Task description:
The answer must consist solely of the lines below starting at the one containing "20200407_Autobahn_Neckarsulm_003" and ending at the one containing "Baile natal de Perú - meme", repeated exactly, with both ends included and all pictures omitted.

Material to process:
────────────────────
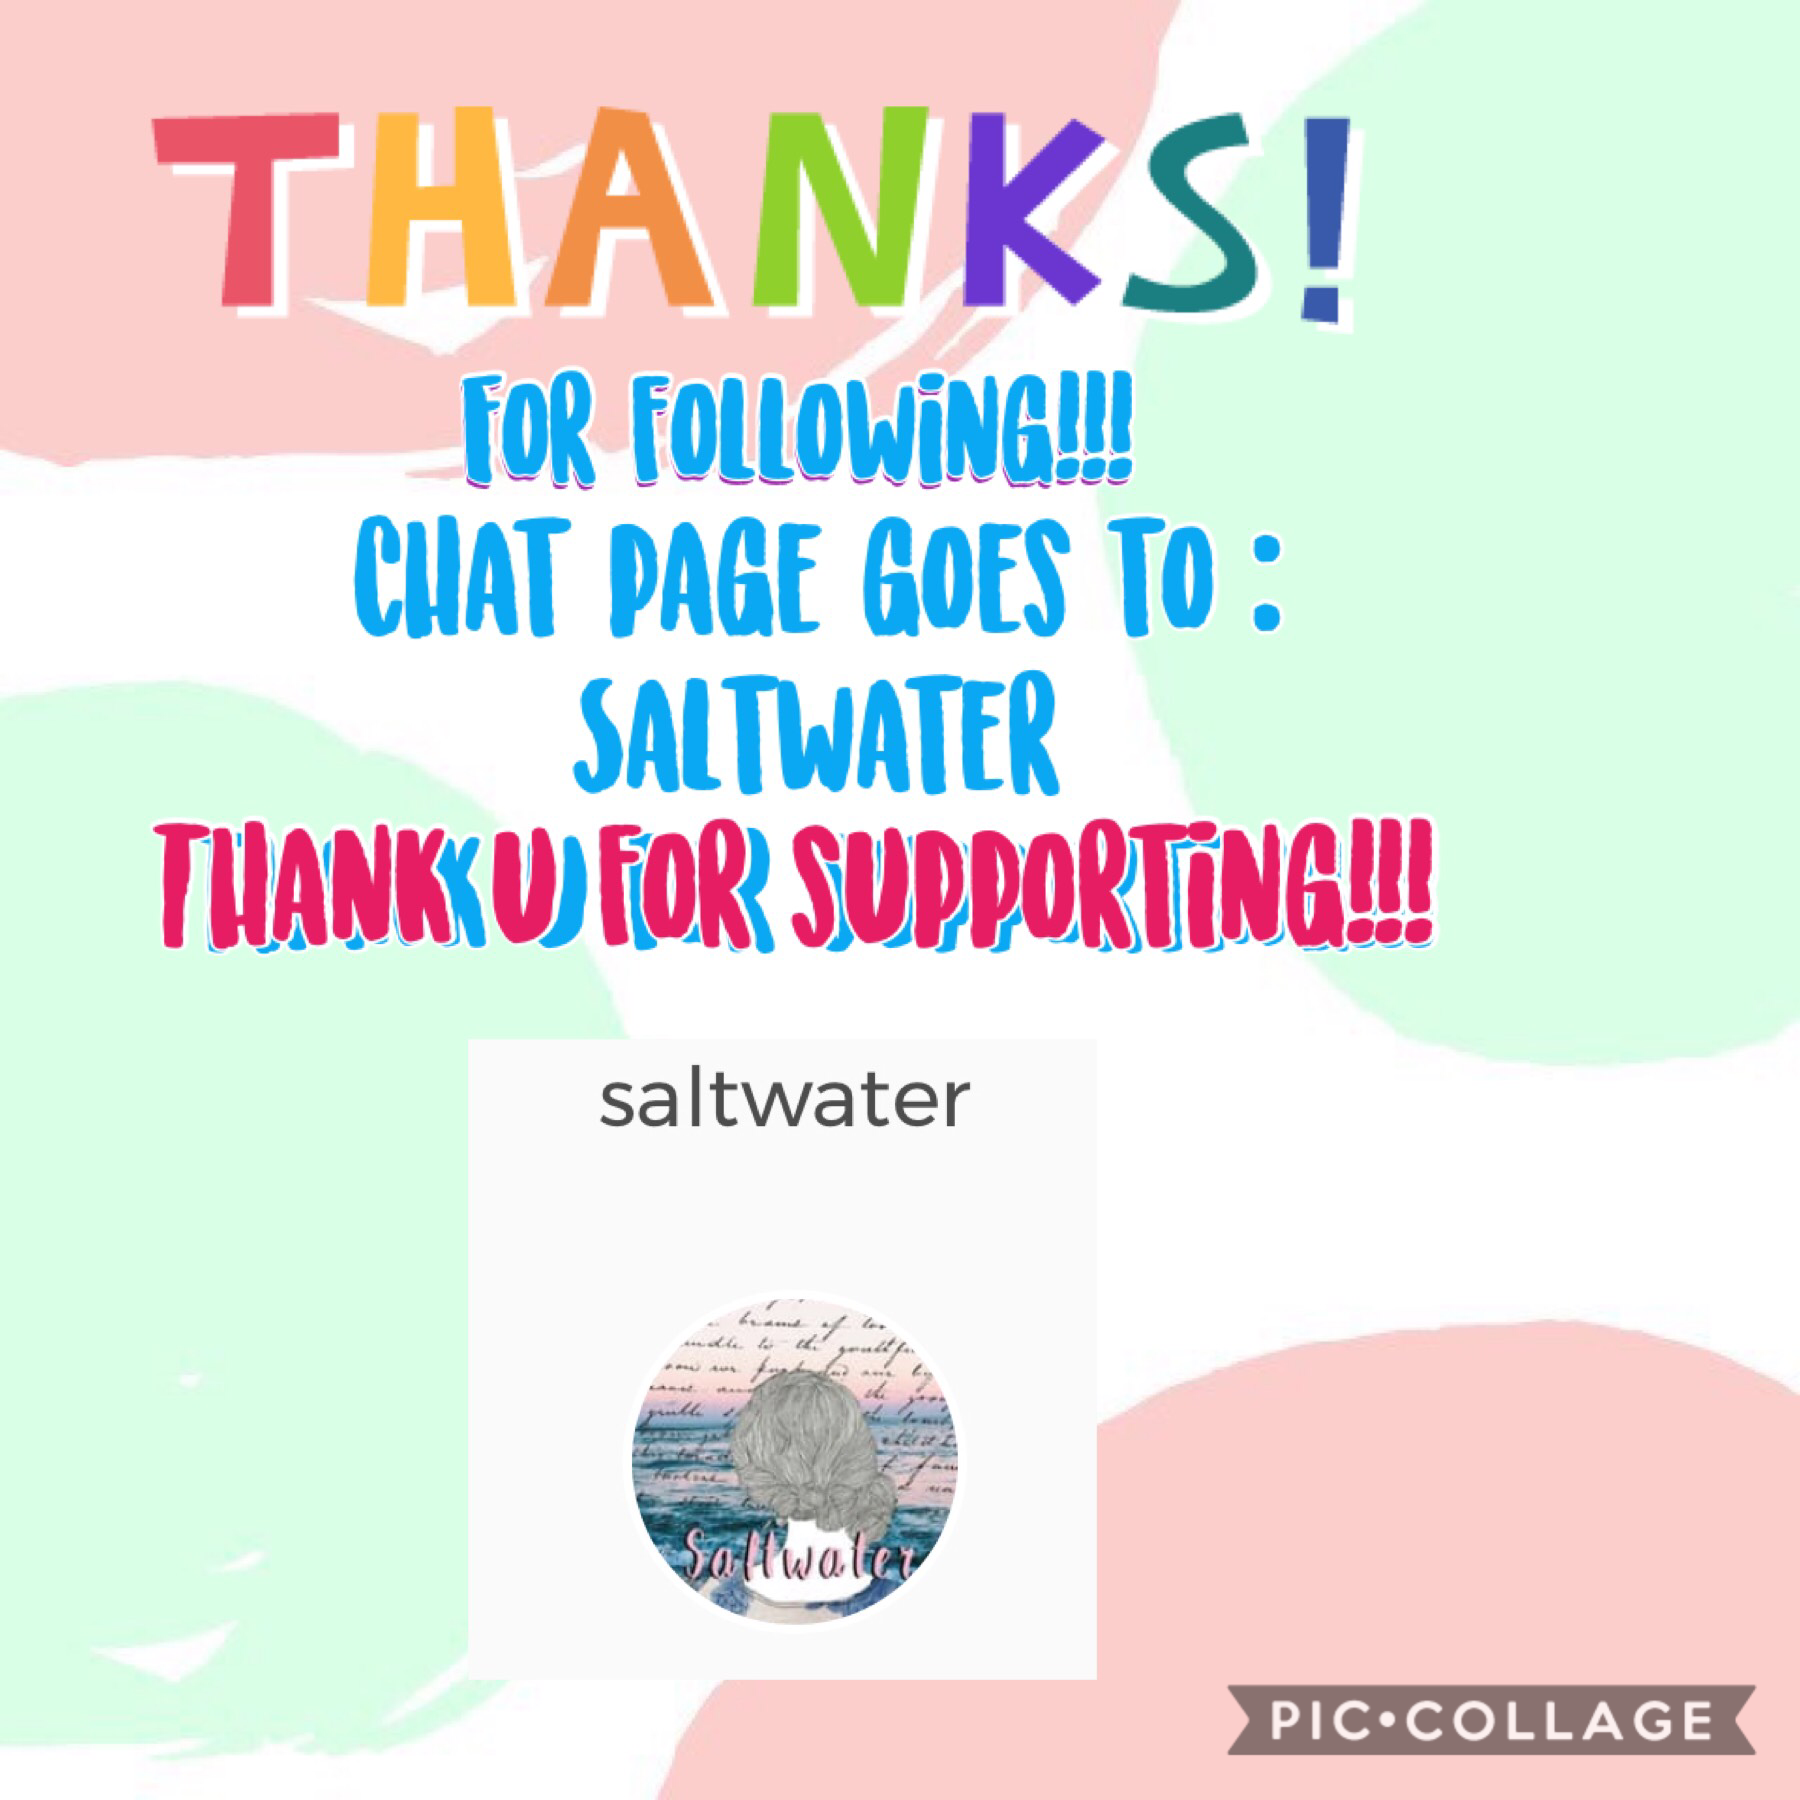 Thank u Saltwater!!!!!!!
────────────────────
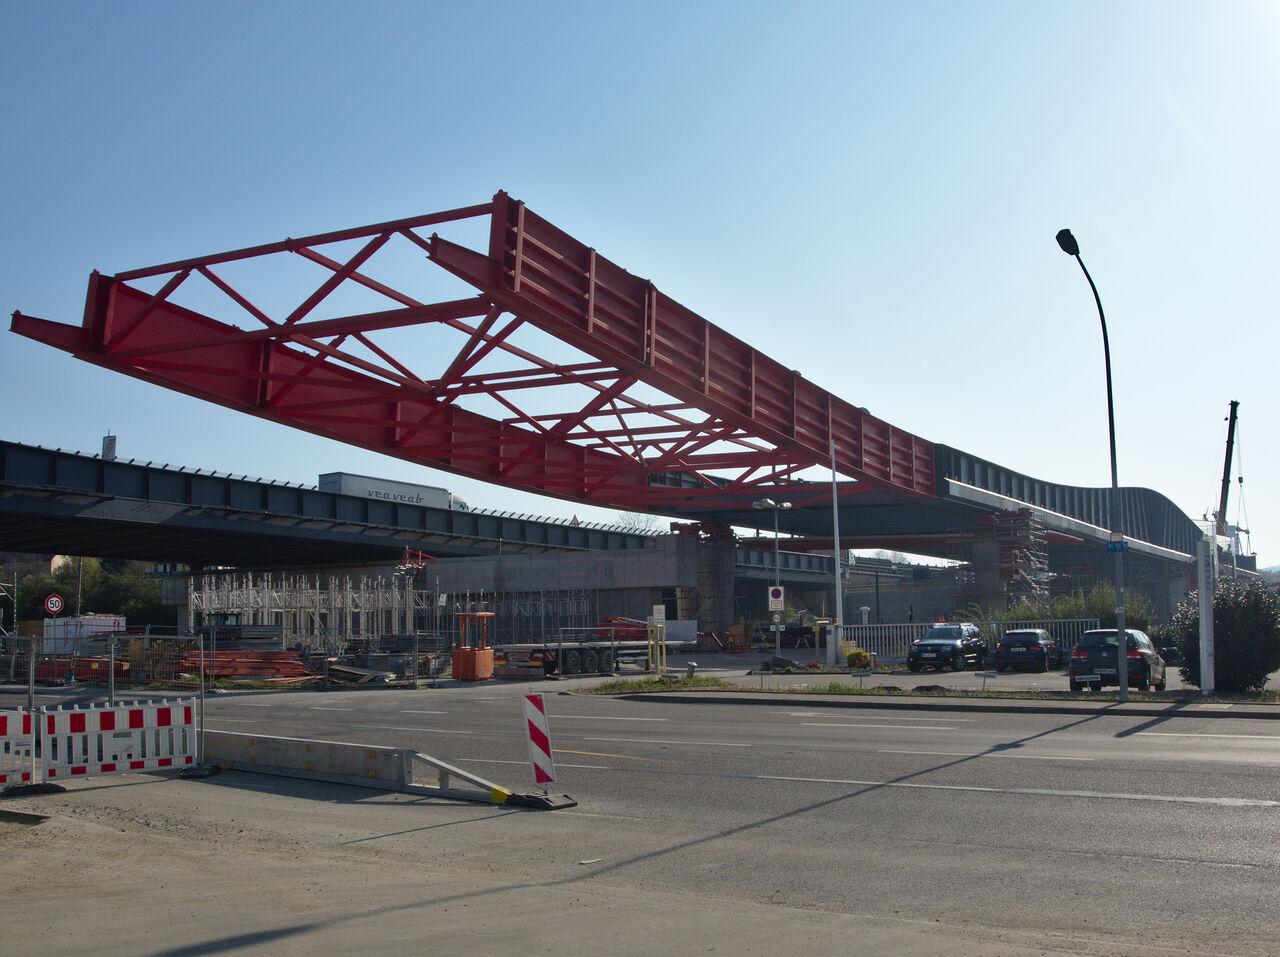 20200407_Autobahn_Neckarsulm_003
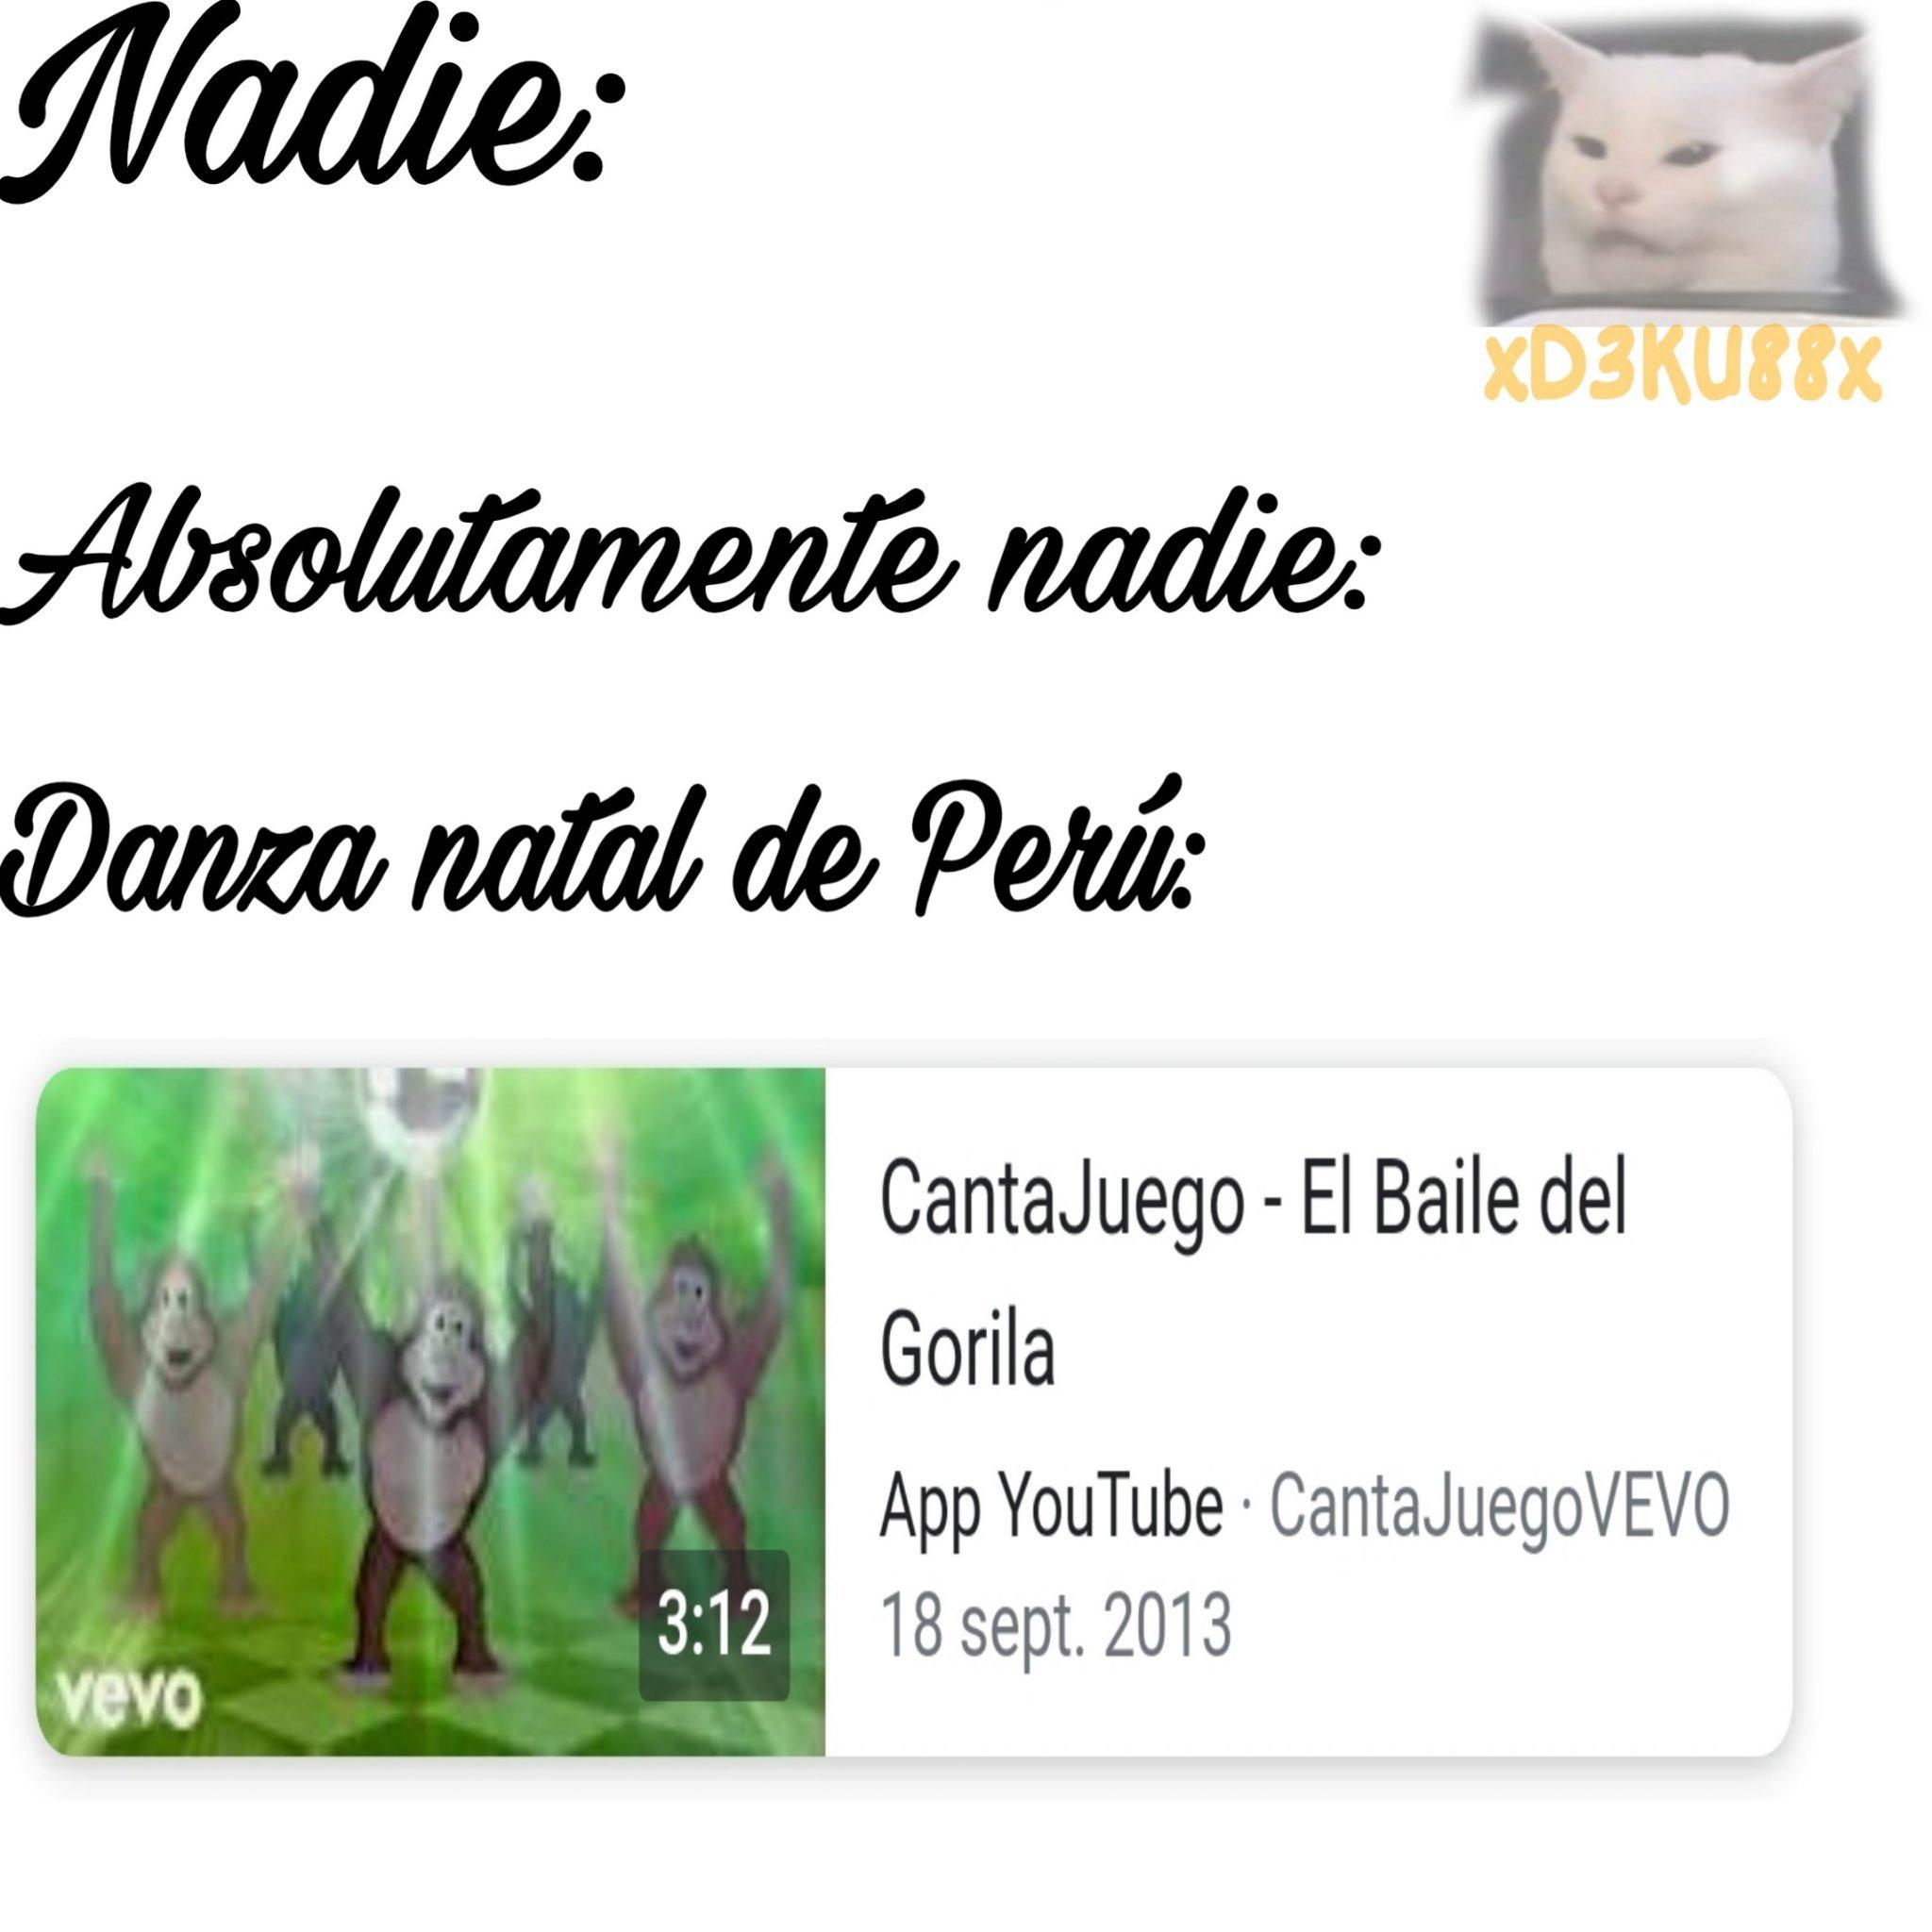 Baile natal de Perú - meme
────────────────────
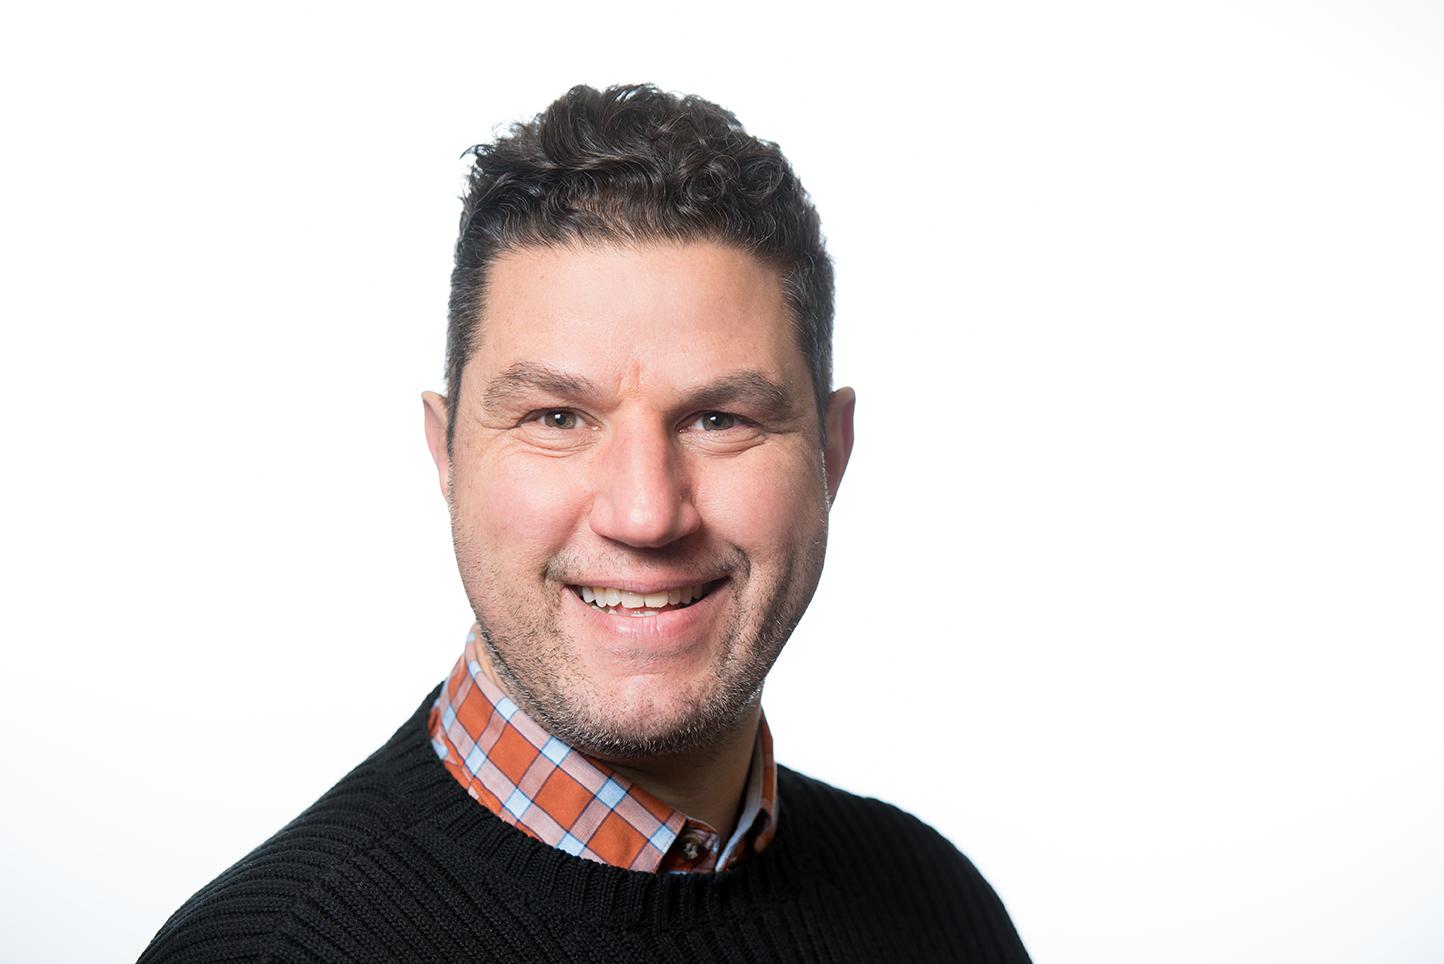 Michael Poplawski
────────────────────
Exercise solution:
 20200407_Autobahn_Neckarsulm_003
 Baile natal de Perú - meme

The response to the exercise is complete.